**What you will do**
Reproduce every line of the data, exactly and without its pictures.

(Data excerpt Opens)

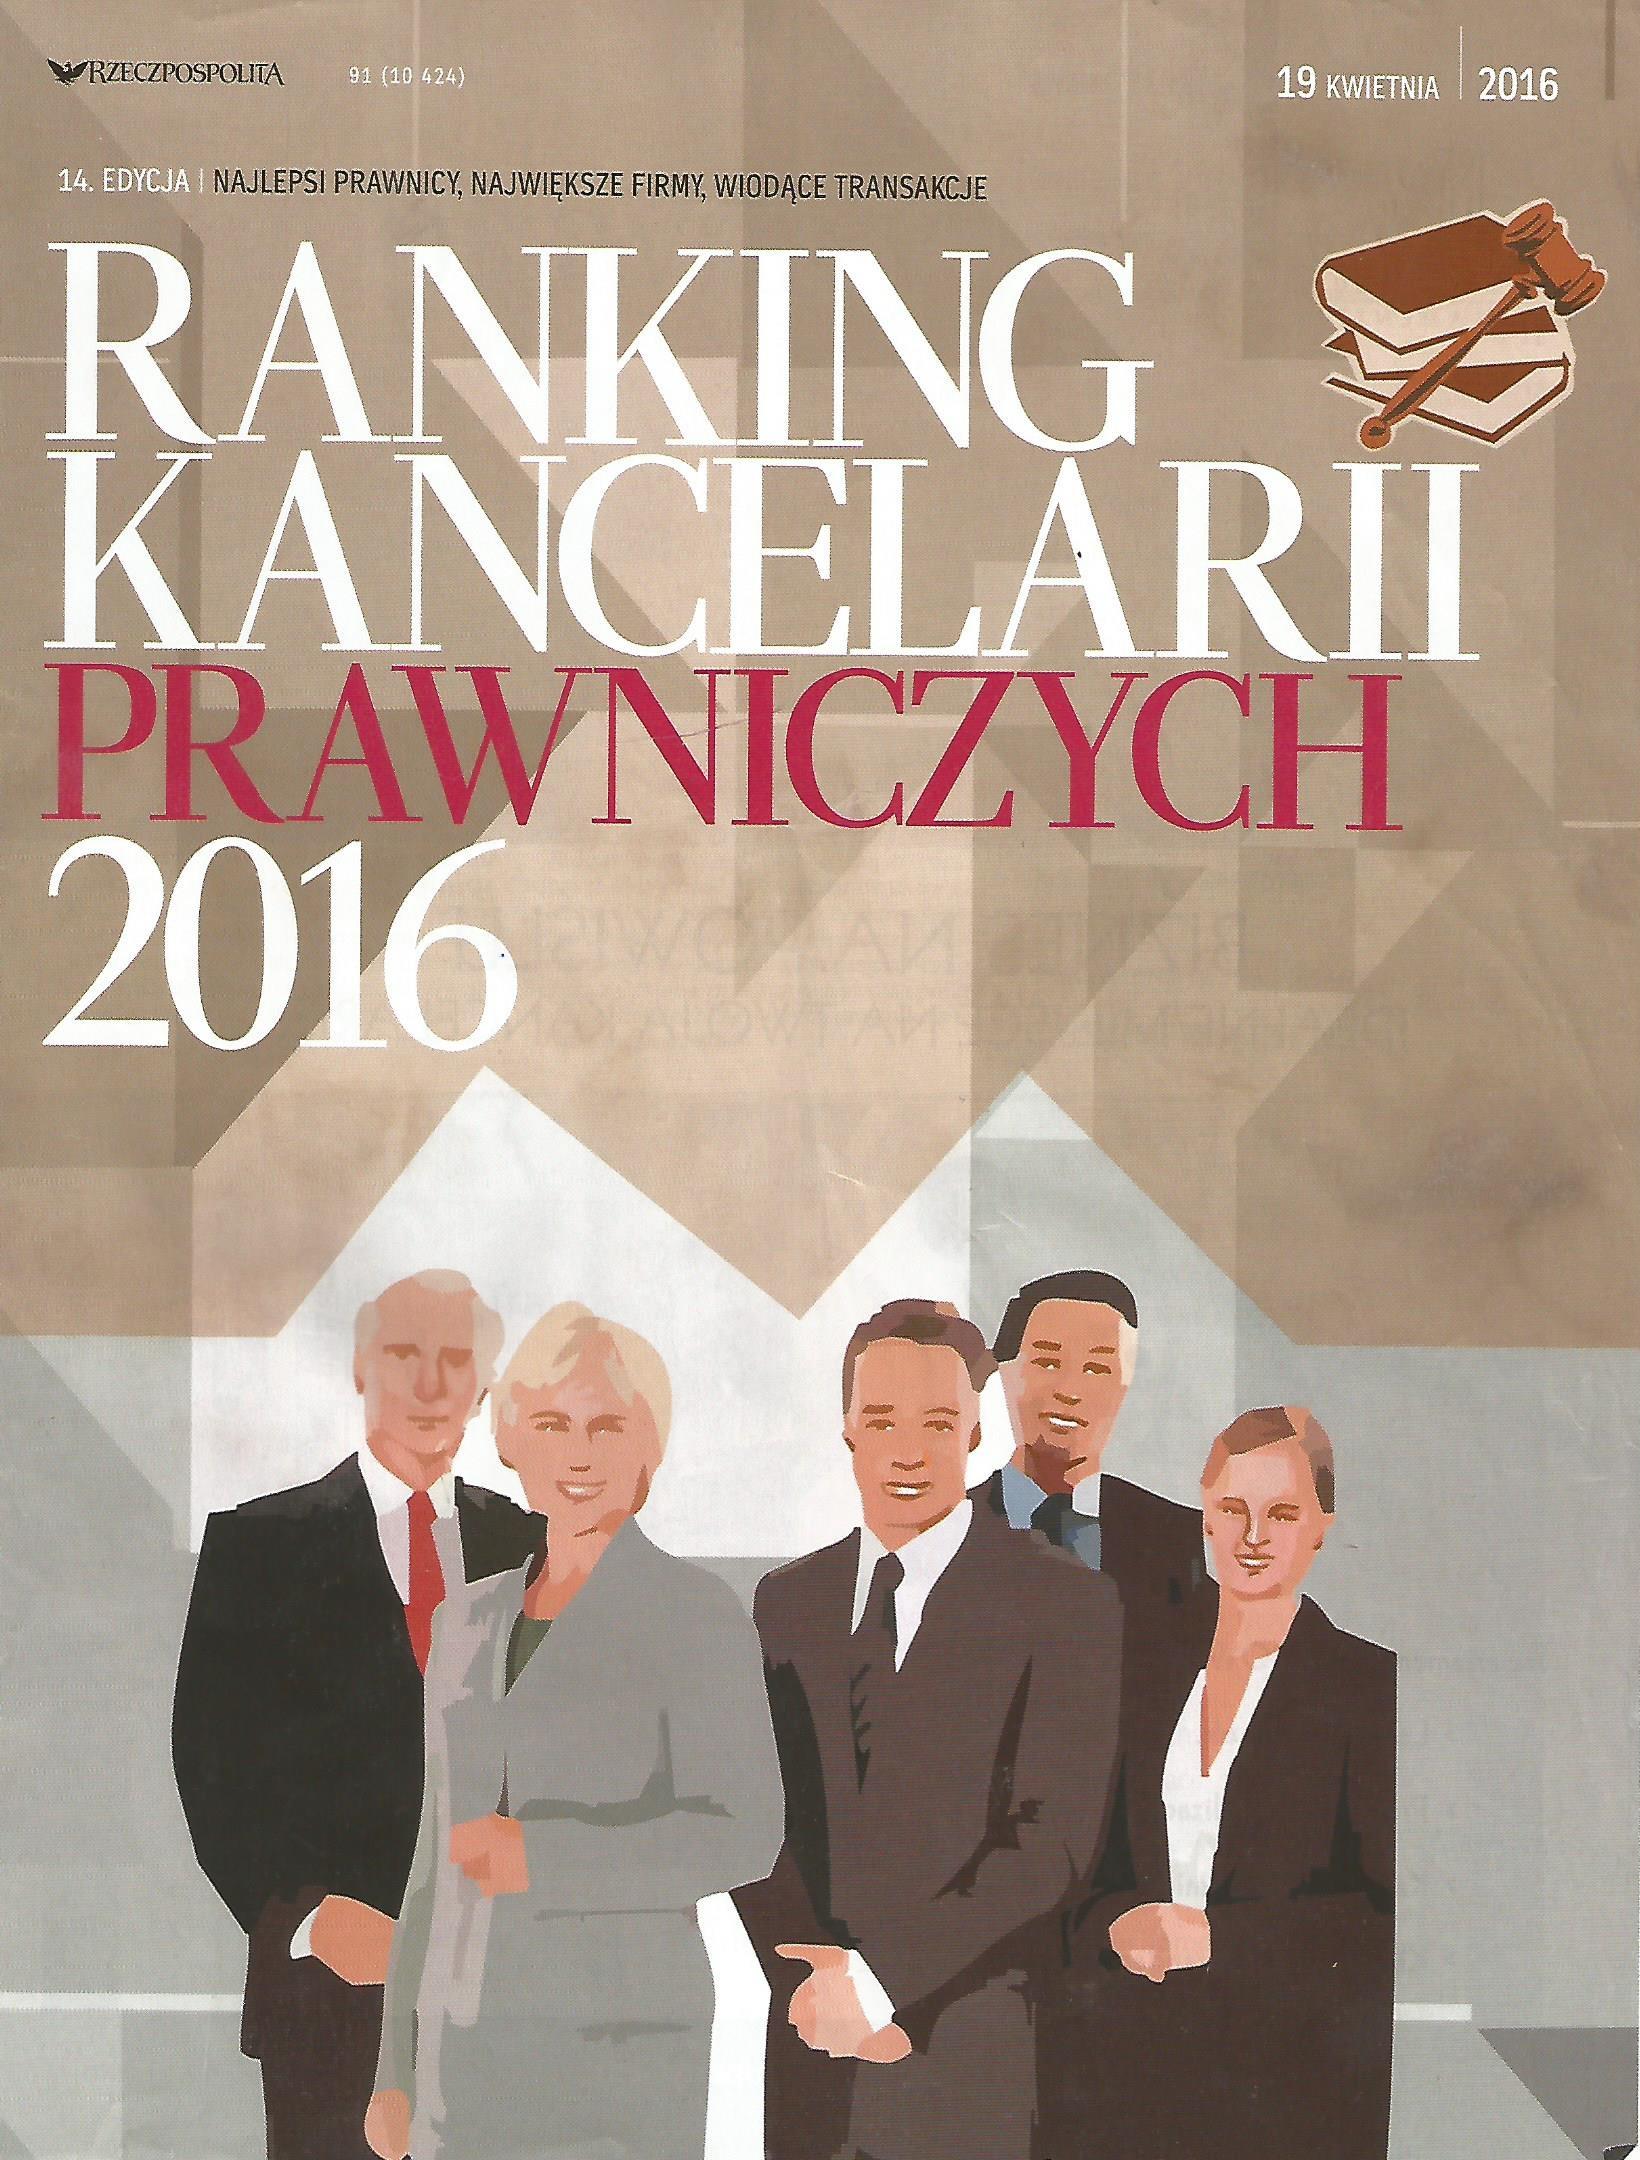 Ranking Kancelarii Prawniczych 2016
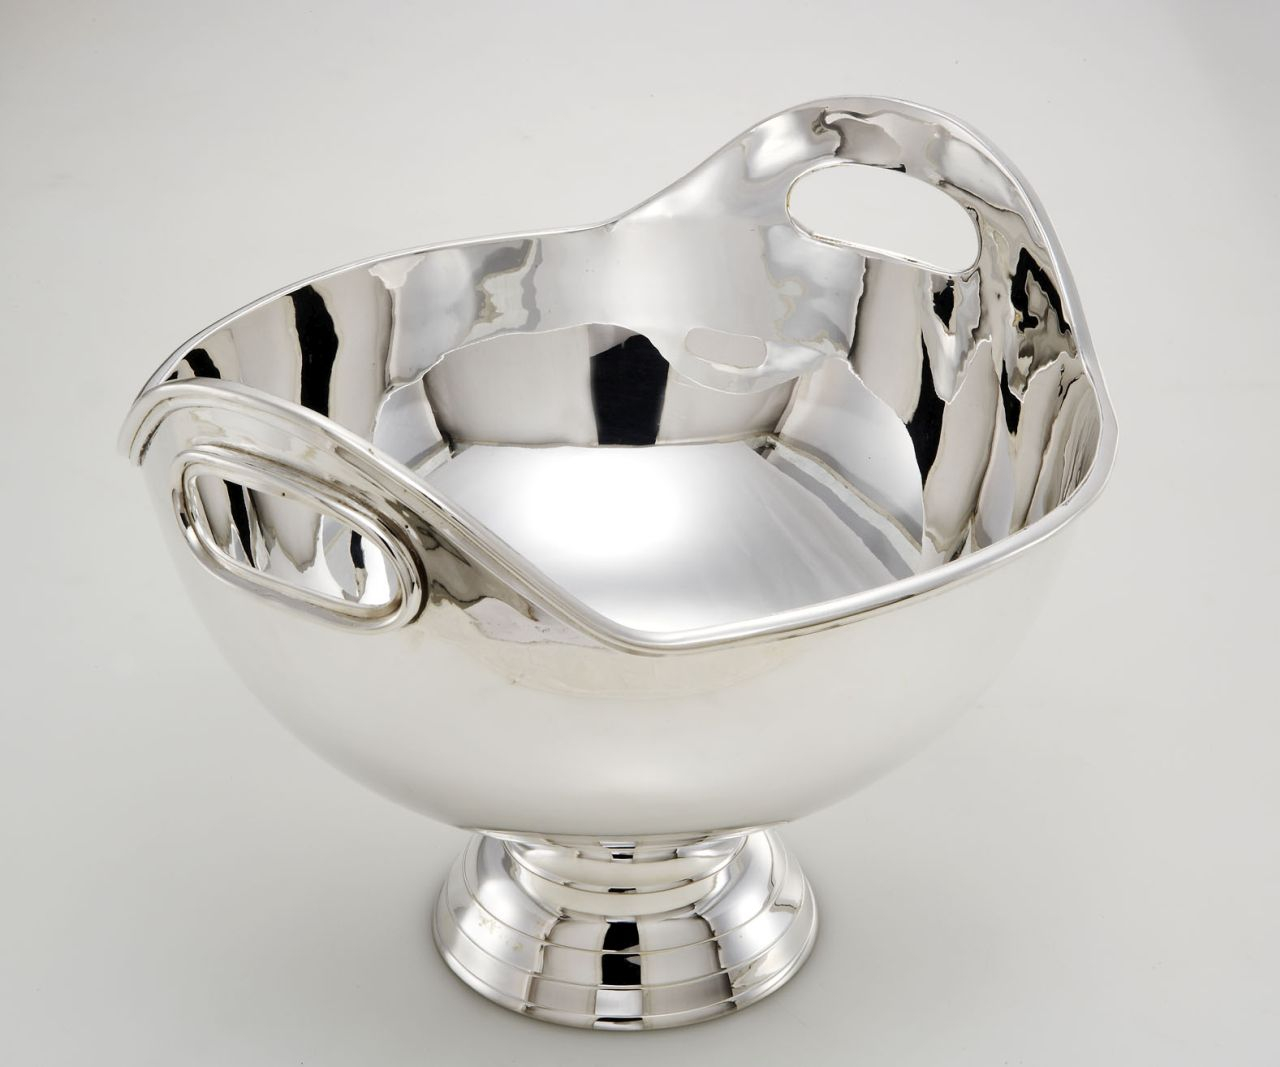 Spumantiera secchiello champagne placcato argento sheffield stile Inglese cm.34h diam.43
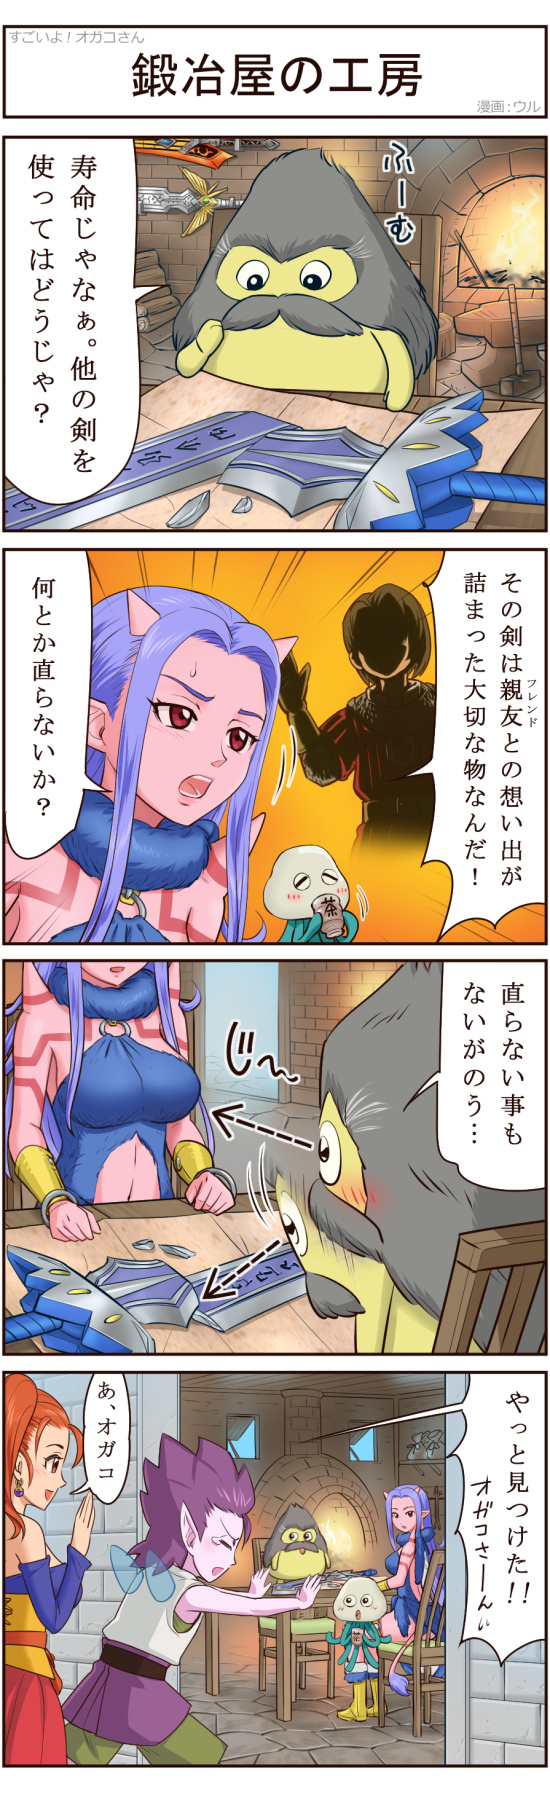 4コマ漫画DQXすごいよ!オガコさん第42話
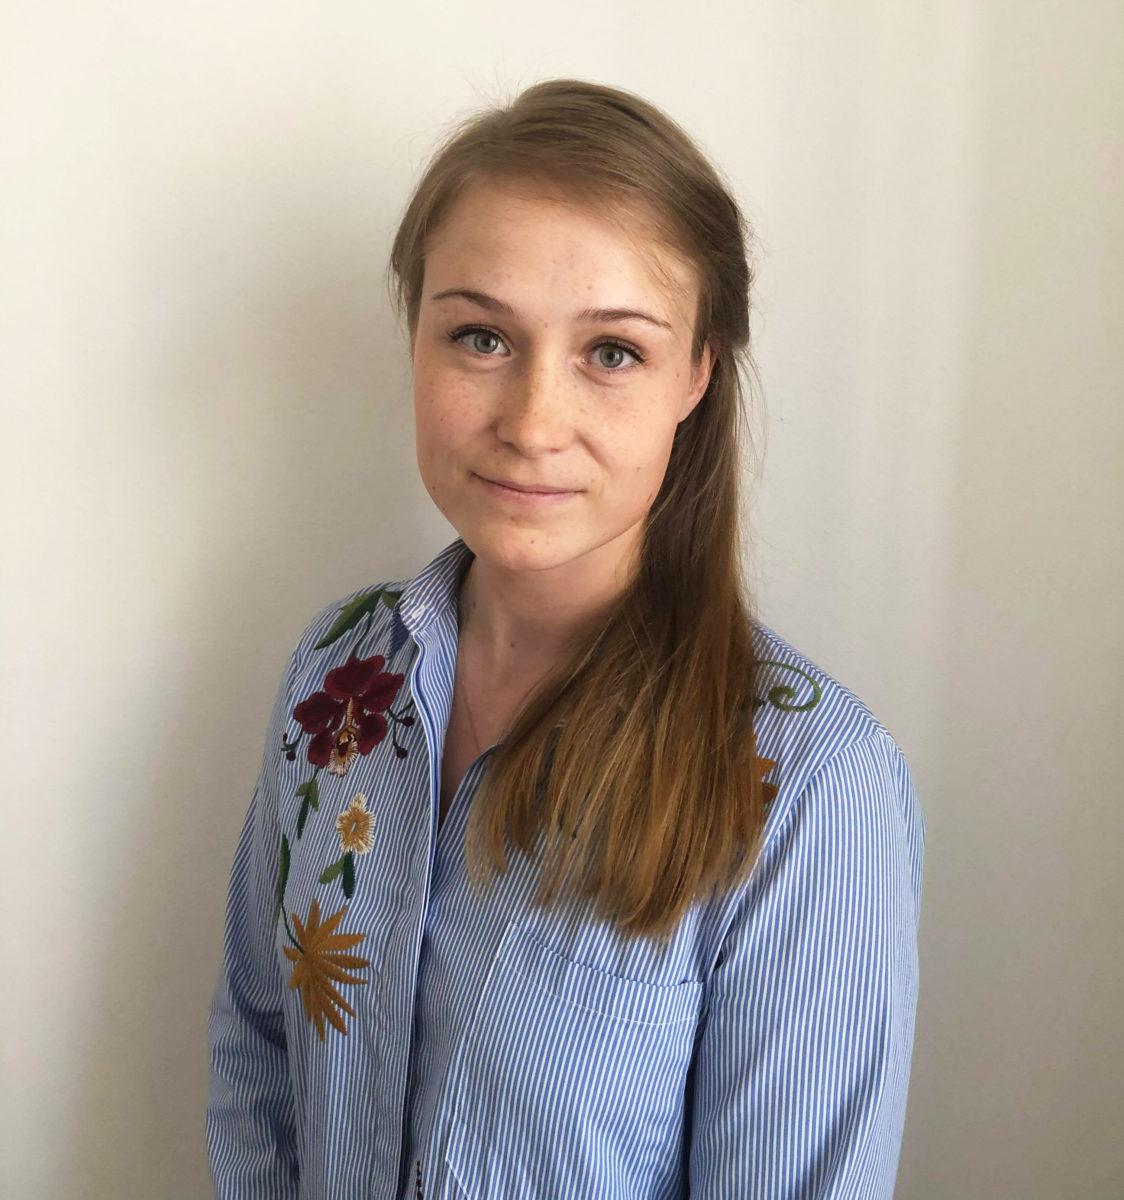 Jenni Nevavuo Etlaan tutkimusharjoittelijaksi

(Data excerpt Closes)

**Answer space**
 Ranking Kancelarii Prawniczych 2016
 Spumantiera secchiello champagne placcato argento sheffield stile Inglese cm.34h diam.43
 4コマ漫画DQXすごいよ!オガコさん第42話
 Jenni Nevavuo Etlaan tutkimusharjoittelijaksi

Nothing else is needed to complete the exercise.